2 pounds Velveeta cheese
8 oz cream cheese
2-10 oz cans of Rotel hot diced tomatoes and green chilies un-drained
1 pound ground chuck cooked and drained

Cut cheese into 1/2 inch squares and place in microwavable bowl
Add cream cheese, Rotel , and ground chuck
Nuke for 5 to 7 minutes stirring after 3 minutes
A couple of bags tortilla chips, some good friends, a few beers, and praise the Lord!


----------



## hiwall (Jun 15, 2012)

Does your avatar show the after-effects?


----------



## Sentry18 (Aug 5, 2012)

I make a similar dip only I substitute shredded cheddar and American cheese instead of Velveeta, add fresh cilantro and chopped jalapeno.

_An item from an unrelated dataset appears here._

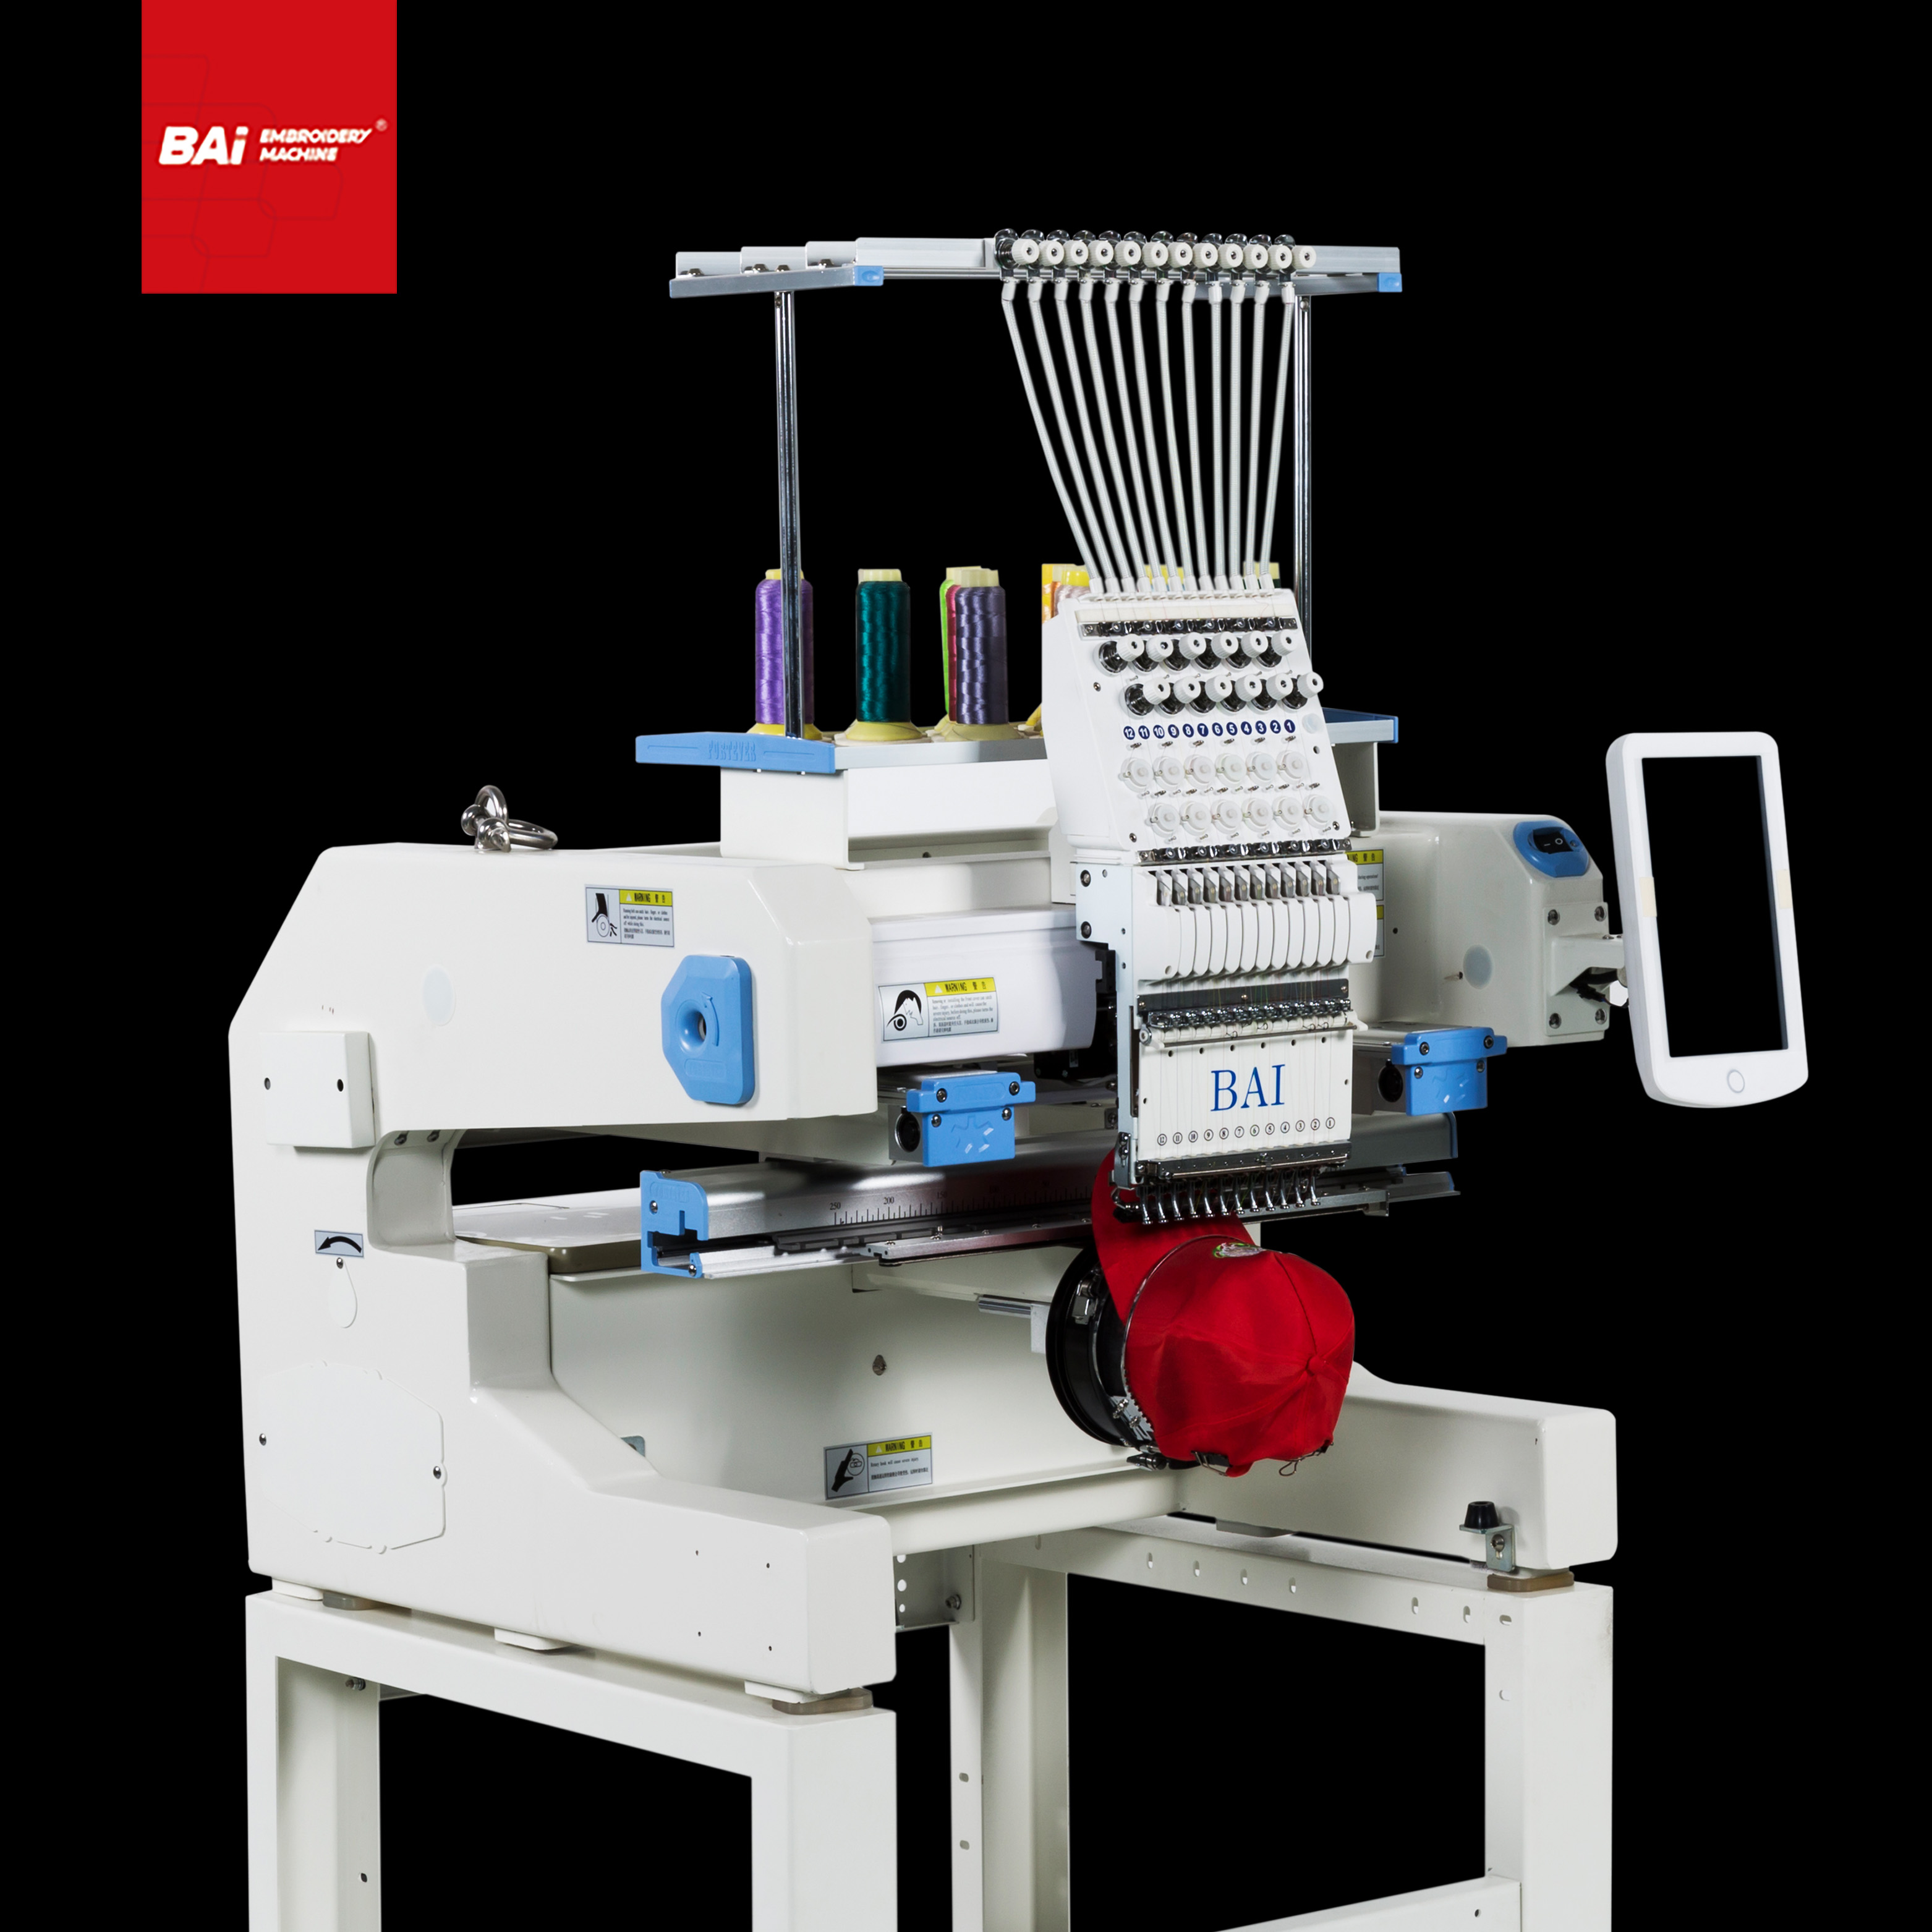 BAI High Speed Single Head Machine for Computer Embroidery Machine with Garment

Good stuff!


----------



## Lake Windsong (Nov 27, 2009)

We make this with shredded barbeque pork instead of the beef.  Good on top of a baked potato, or with tortilla chips.


----------



## ras1219como (Jan 15, 2013)

Sentry18 said:


> I make a similar dip only I substitute shredded cheddar and American cheese instead of Velveeta, add fresh cilantro and chopped jalapeno. Good stuff!


How can you possibly substitute velveeta?! On the other hand fresh cilantro is a stellar idea


----------